■ Work task
Please restate word for word the lines of the entries below from the one with "Crystal, Eldar, Green, Metallic, Purple, Warhammer" to the one with "Mechanical football game", inclusive, and leave out every picture.
:: Exercise inputs
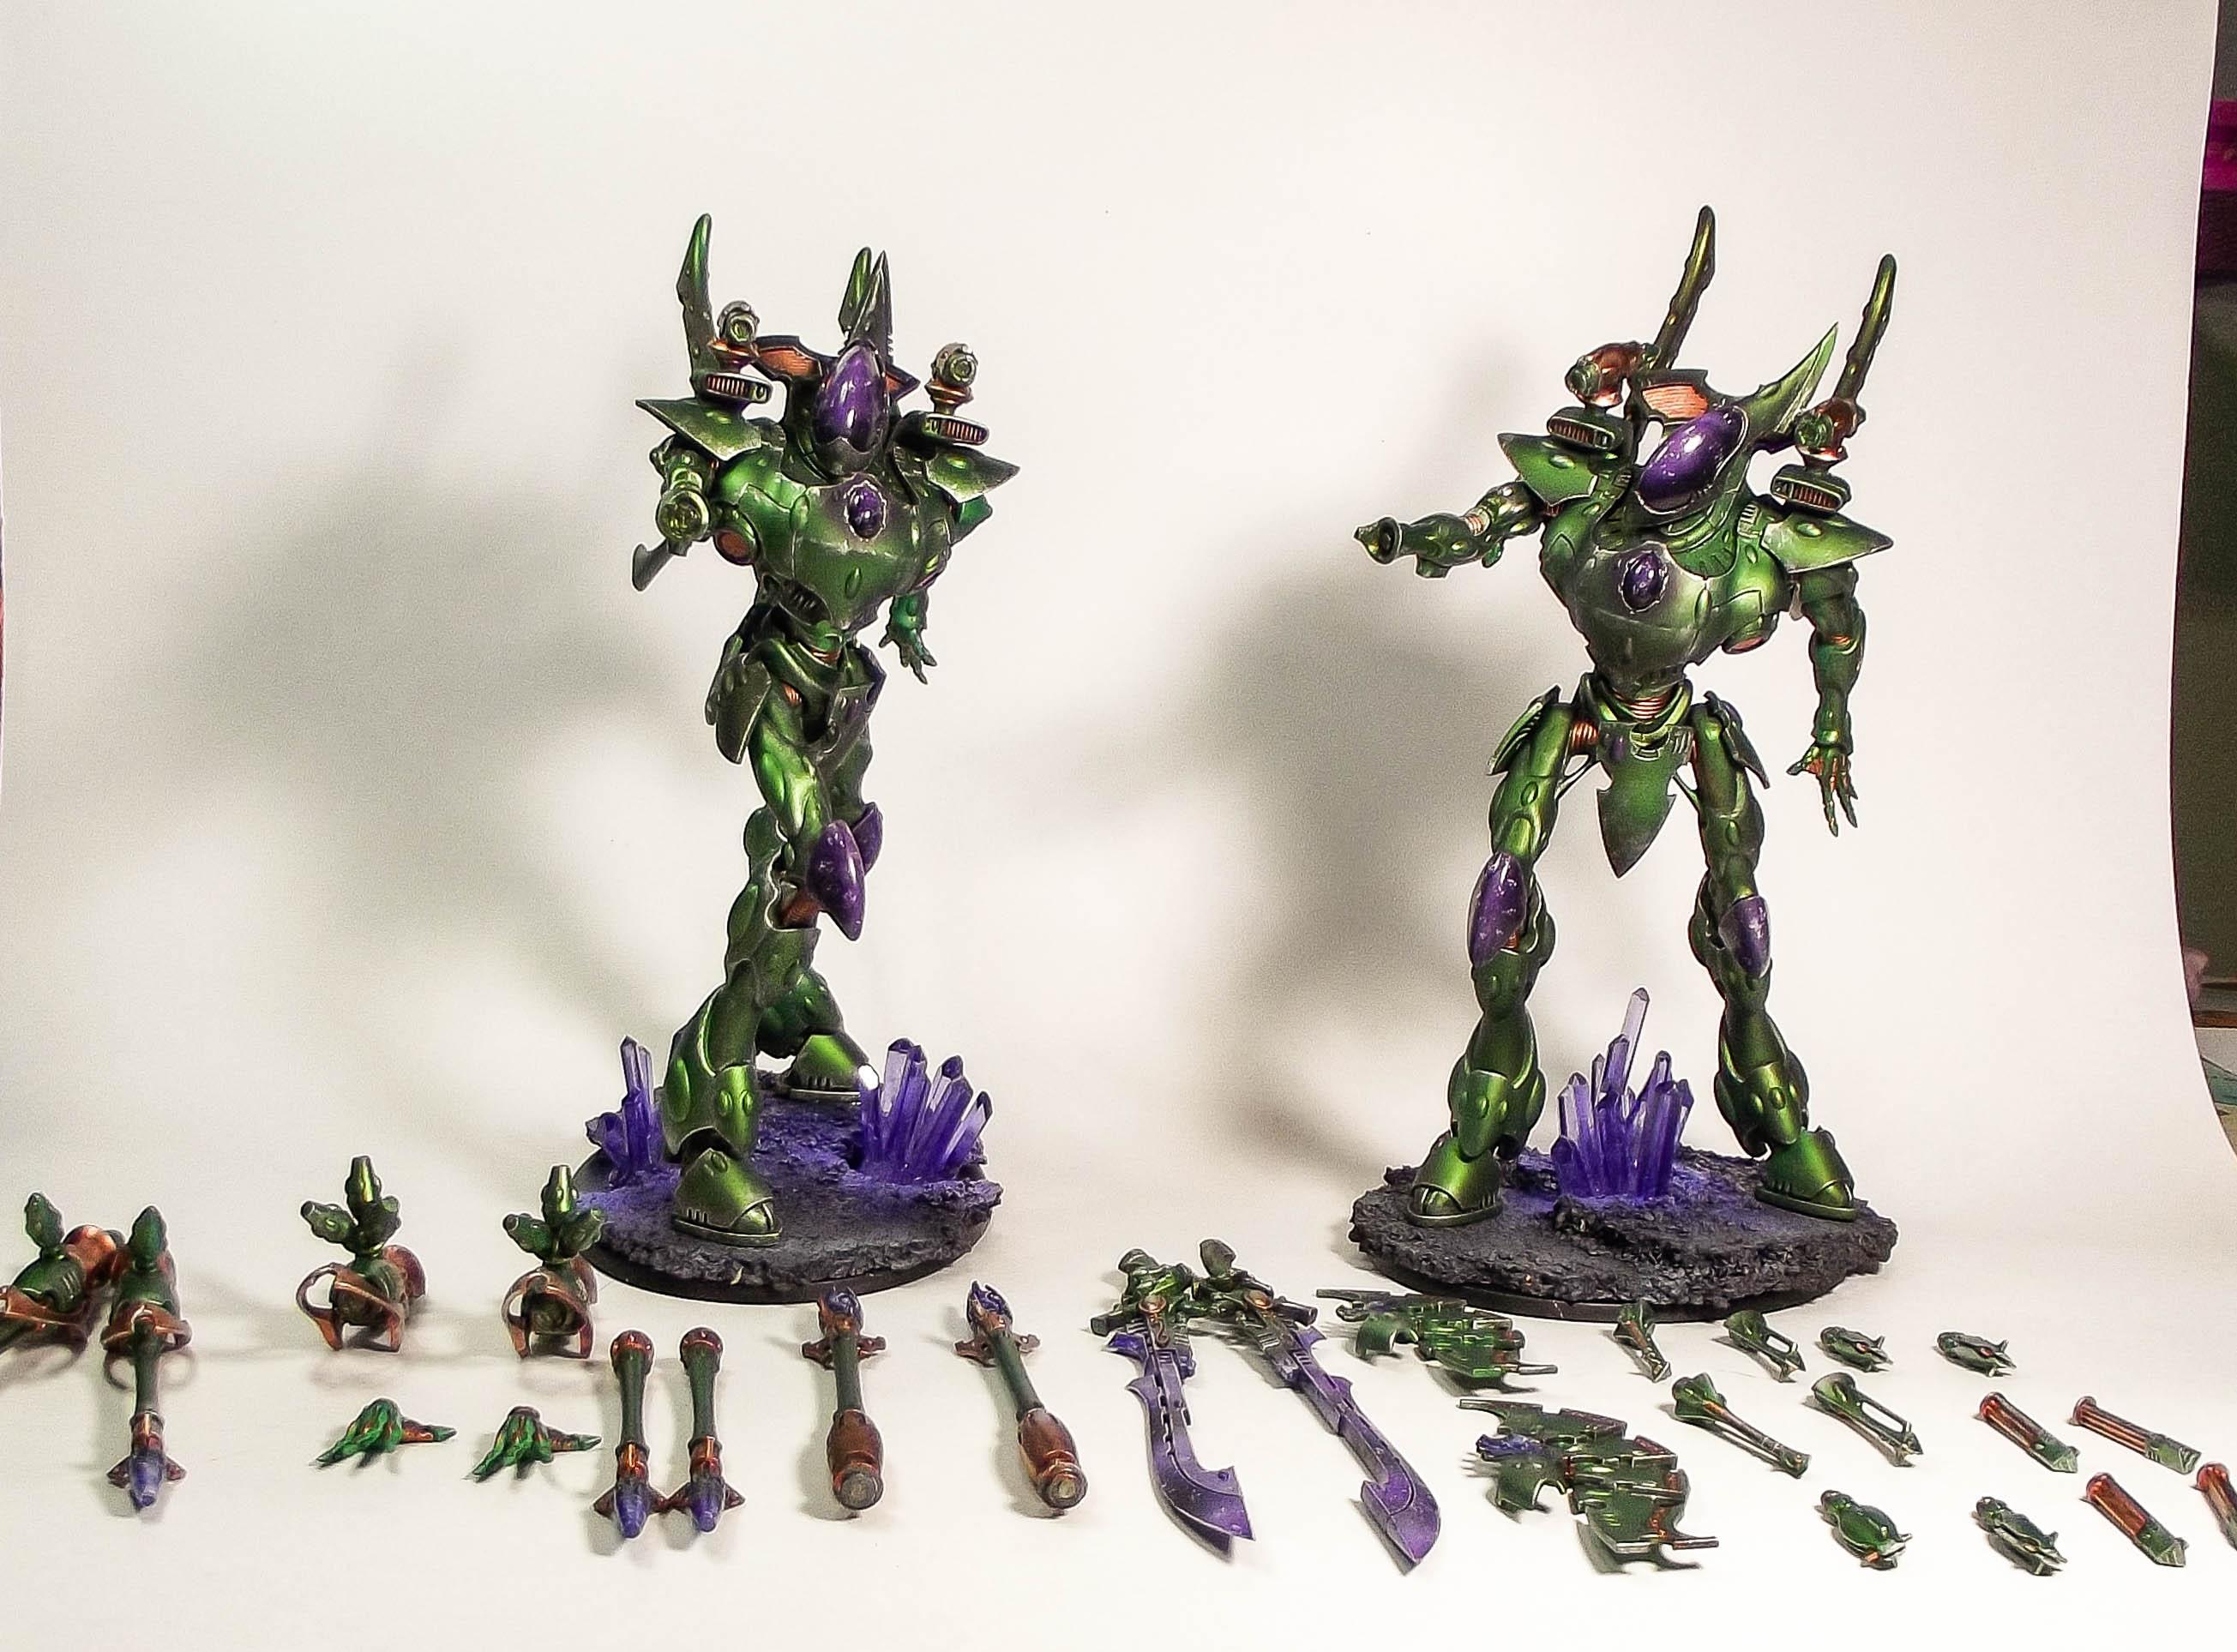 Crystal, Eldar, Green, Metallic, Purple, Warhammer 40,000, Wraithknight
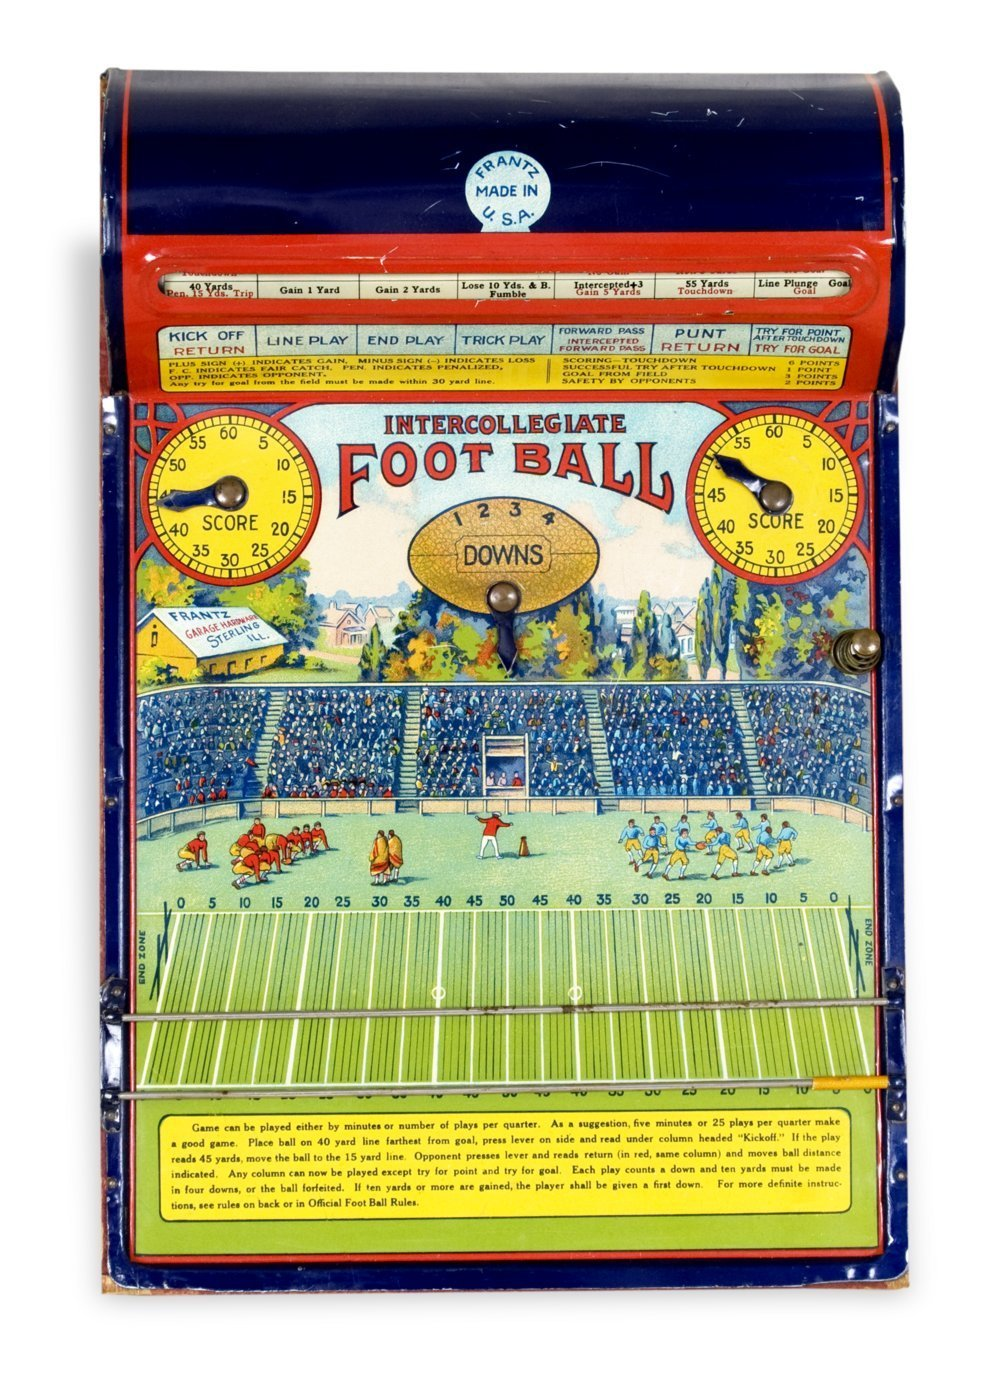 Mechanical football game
::::
:: Exercise inputs
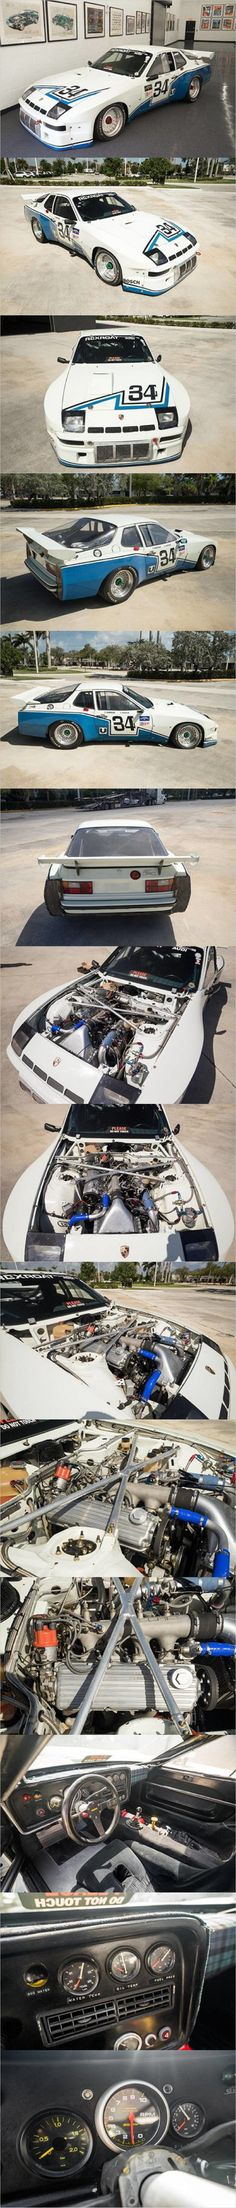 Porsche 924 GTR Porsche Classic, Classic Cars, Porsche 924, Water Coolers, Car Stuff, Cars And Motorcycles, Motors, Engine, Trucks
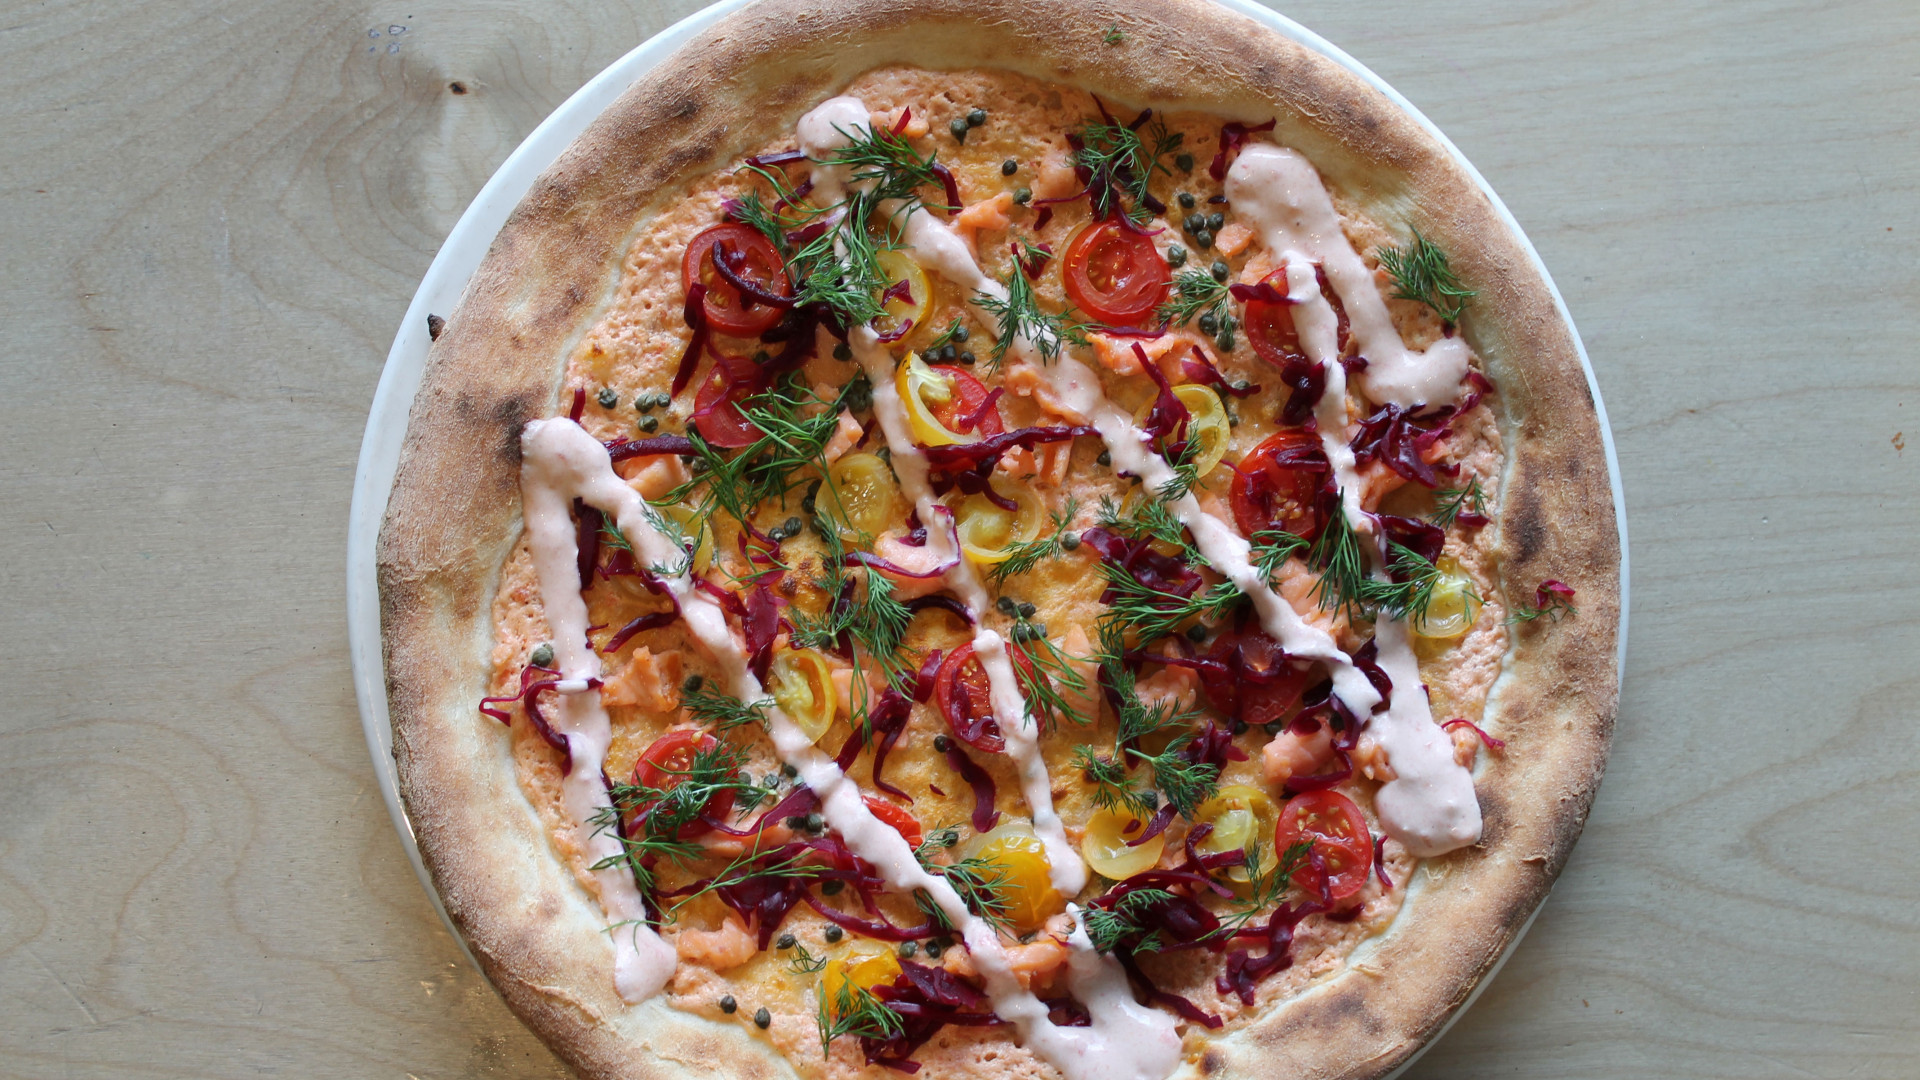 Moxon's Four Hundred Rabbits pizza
::::
■ Solution
 Crystal, Eldar, Green, Metallic, Purple, Warhammer 40,000, Wraithknight
 Mechanical football game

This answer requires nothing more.